The Claudia Carraro program did not demonstrate significant overall effects on eating disorder risk factors. Exploratory findings suggest small gender-specific effects among girls, but these should be interpreted cautiously given the limited effect sizes and underpowered subgroup analyses. Further research should evaluate targeted or gender-adapted approaches and longer-term outcomes.
BIG(GER) PICTURE II:
Emotion Regulation in Mental Disorders: A Systematic Review and Multilevel Meta-Analysis of Transdiagnostic and Disorder-Specific Impairments
2. Clamor, A., Lincoln, T. M., & Schulze, L. (2026). Emotion regulation in mental disorders: A systematic review and multilevel meta-analysis of transdiagnostic and disorder-specific impairments. Psychological Bulletin, 152(2), 157–200. https://doi.org/10.1037/bul0000512
Email address for correspondence: annika.clamor@medicalschool-hamburg.de
ABSTRACT. Models of mental health emphasize the fundamental role of emotion regulation (ER). Still, it is unknown whether ER impairment varies in severity and type between different disorders. To systematically investigate this question, we searched multiple databases via EBSCOhost for studies comparing adults with mental disorders to nonclinical controls on self-reported ER. We calculated standardized mean differences (SMD) and conducted multilevel meta-analyses to account for nested data.
We included 619 studies (1998–2025) that assessed selected ER questionnaires in 41,590 clinical participants and 36,787 controls. Compared with controls, clinical participants overall reported pronounced difficulties in ER (large SMD = 1.70) and different ER strategy use (moderate to large SMDs: less frequent acceptance = −0.85, problem-solving = −0.63, and reappraisal = −0.63; more frequent avoidance = 1.00, rumination = 1.51, and suppression = 0.73). Difficulties in ER, decreased use of reappraisal, and increased use of rumination and suppression were evident in almost all mental disorders, emphasizing the transdiagnostic relevance of these facets.
In addition, there were specific profiles for disorders with particularly pronounced effect sizes (e.g., difficulties in ER and acceptance in personality disorders; rumination and reappraisal in depressive disorders). An additional review of 25 ecologically momentary assessment studies of ER in daily life aligned with the main findings.
Future research is needed to examine further disorders and the temporal relationship between psychopathology and ER. Nonetheless, there is substantial evidence to assume both universality of ER impairments across disorders and disorder-specific pronunciations. This speaks for using transdiagnostic interventions aimed at improving ER but also points to the need of additional, more targeted interventions for some disorders.
EXERCISE AND PHYSICAL ACTIVITY, Part 1 of 2
3. Greenleaf, C., Laus, M. F., & Hauff, C. (2026). Physical activity and body image. In Yu-Kai Y.-K. Chang & A. Quartiroli (Eds.), Physical activity, exercise, and mental health (31 pp.). Taylor & Francis/Routledge.
Email address for correspondence: cgreenl@uwm.edu
ABSTRACT. Research consistently documents a positive influence of physical activity on body image.
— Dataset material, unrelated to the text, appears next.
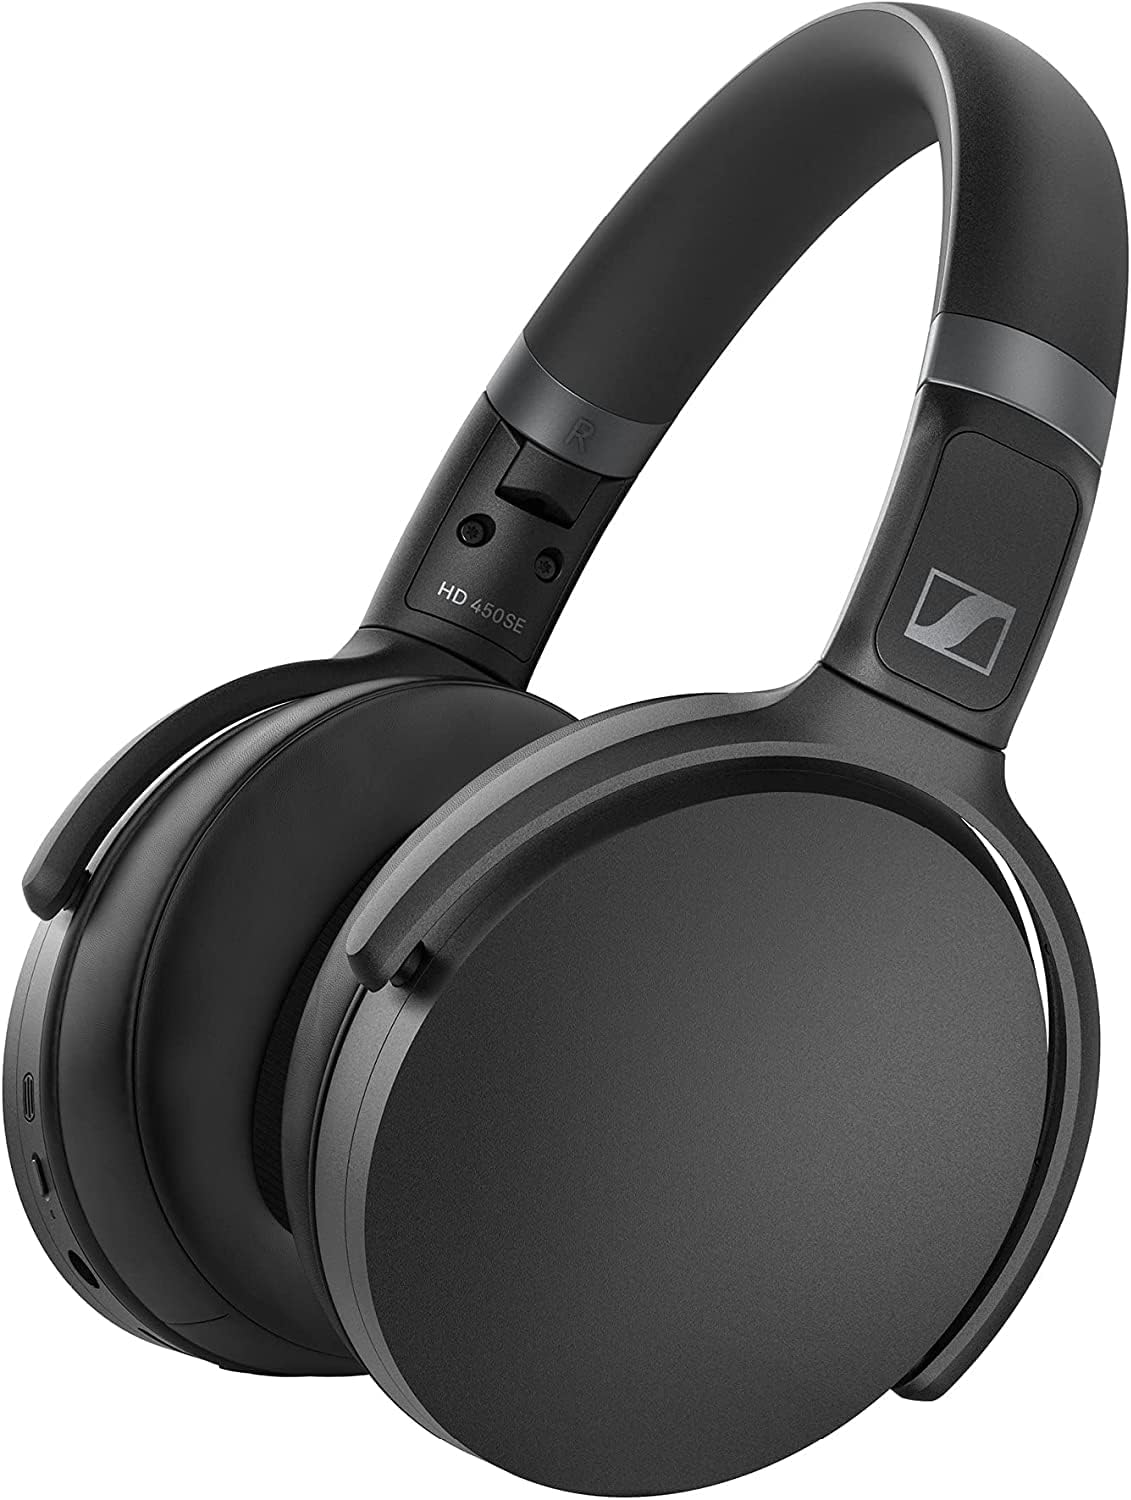 Sennheiser Consumer Audio HD 450SE Black Bluetooth 5.0 Wireless Headphone with Alexa Built-in - Active Noise Cancellation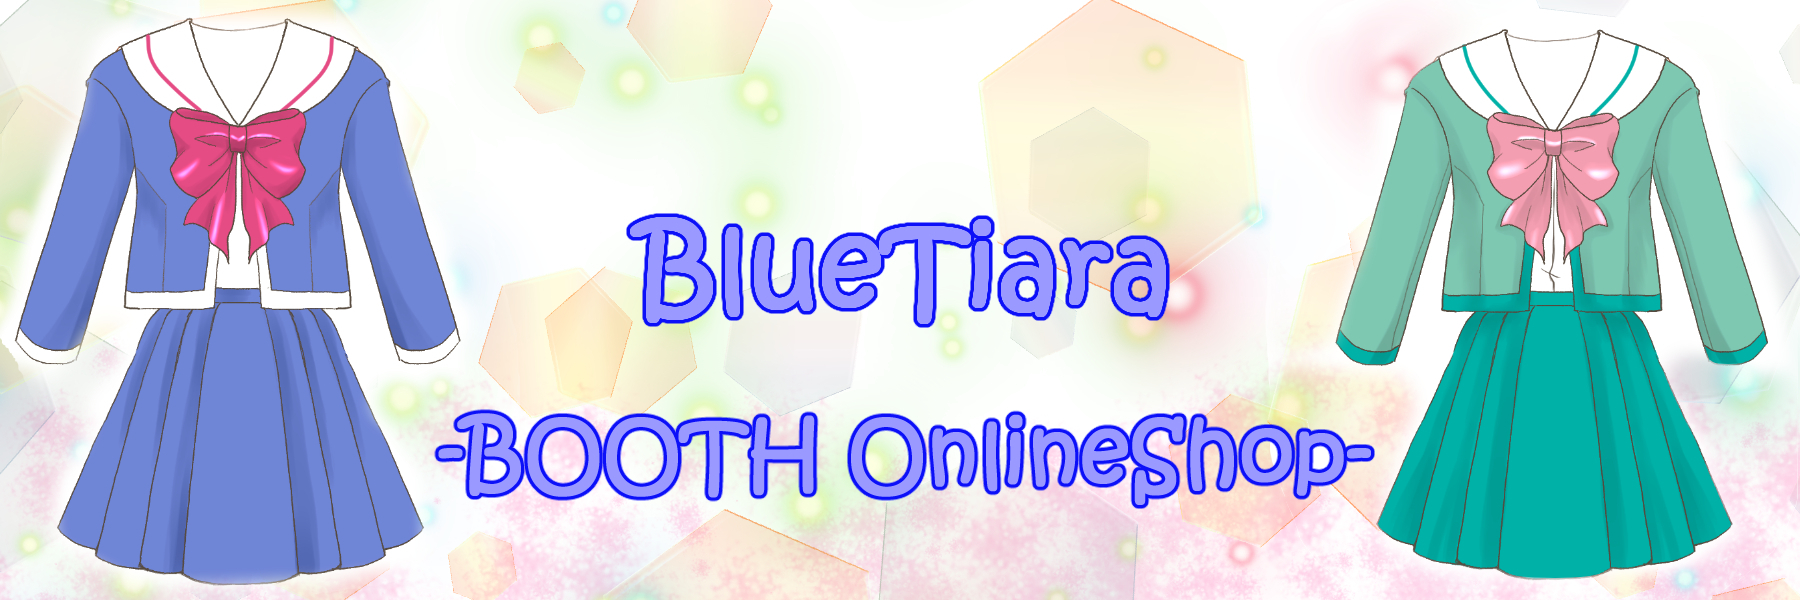 BlueTiara

Meta-analytic, systematic reviews, and individual studies have documented positive associations as well as causal impacts of physical activity on body image among a variety of populations, including cancer patients and survivors, pregnant women, and youth with obesity. In addition, physical activity is associated with body image across gender, age, race and ethnicity, and disability.
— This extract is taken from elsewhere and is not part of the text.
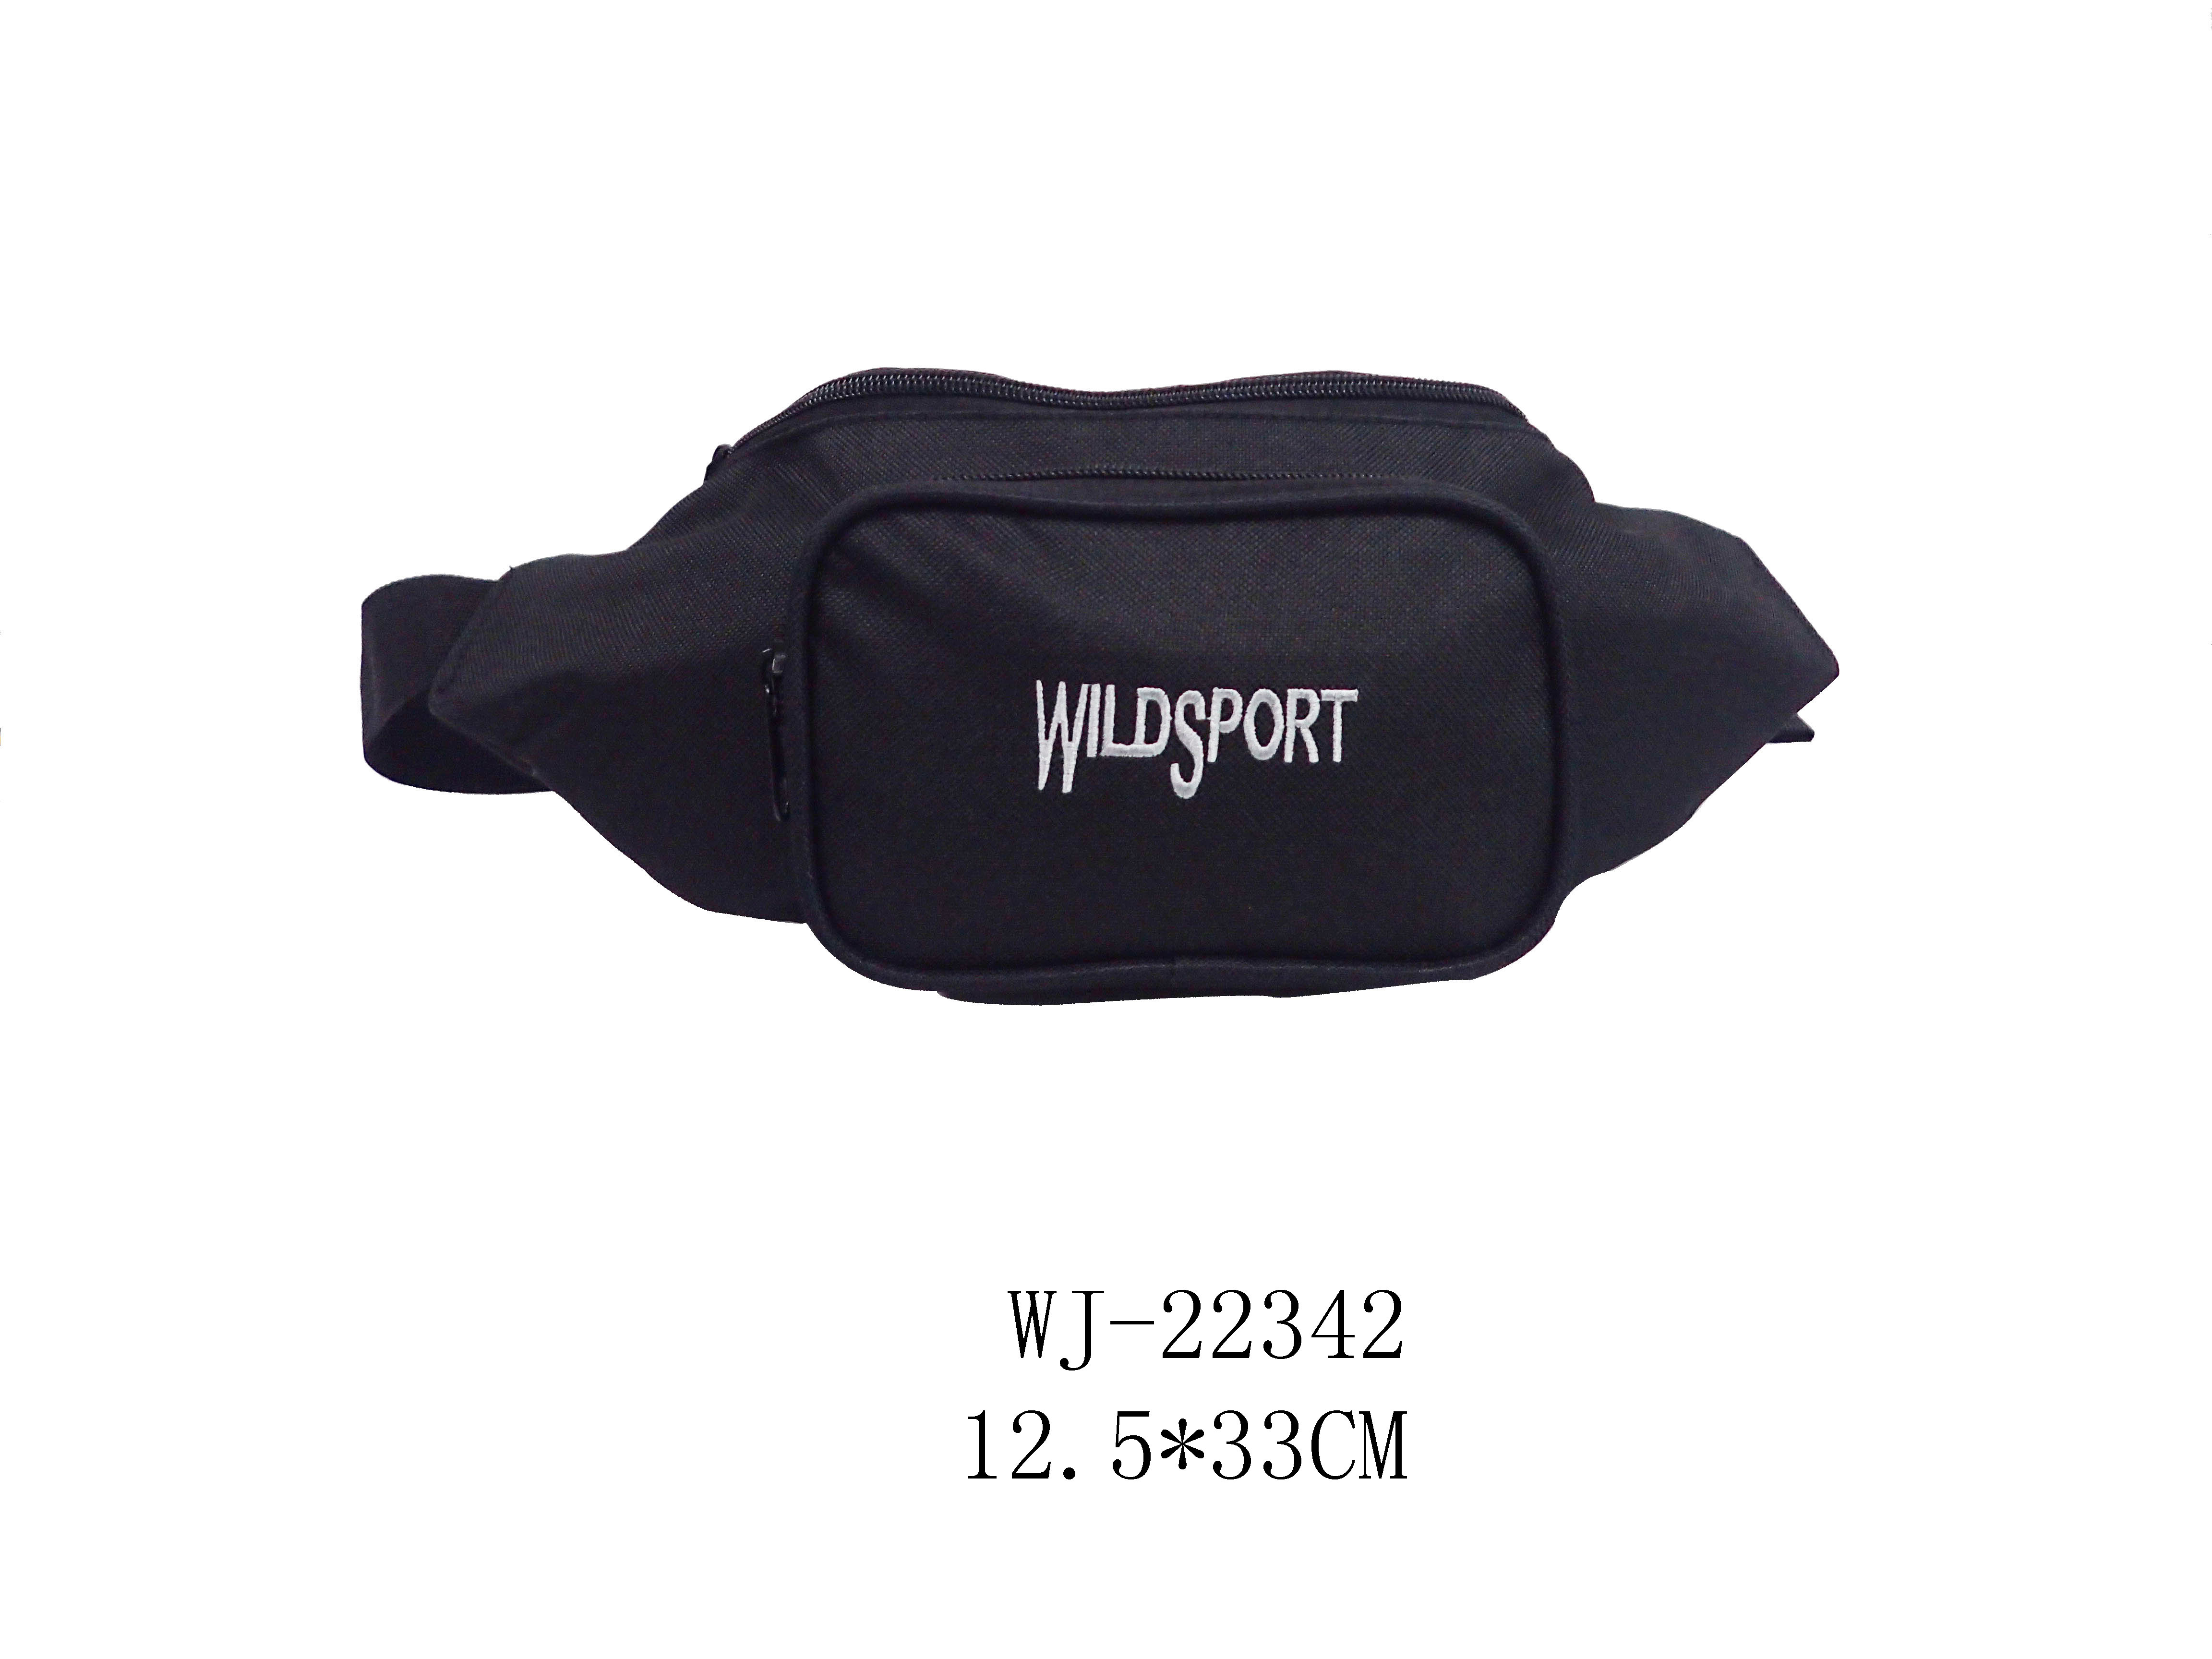 Black 600D outdoor sport waist bag for men

These consistent findings reflect a robust relationship, yet there are nuances and complexities embedded within these findings, as well as limitations in the research. To date, research exploring the influence of body image on physical activity is limited, and theory has not been widely used to ground research examining the relationships between physical activity and body image. More recently, researchers have explored mindful approaches to movement and the body and found that these types of approaches may be particularly beneficial for enhanced body image. Mindful movement approaches, such as intuitive exercise and attuned exercise, center the person and their experience and a sense of connection to the body.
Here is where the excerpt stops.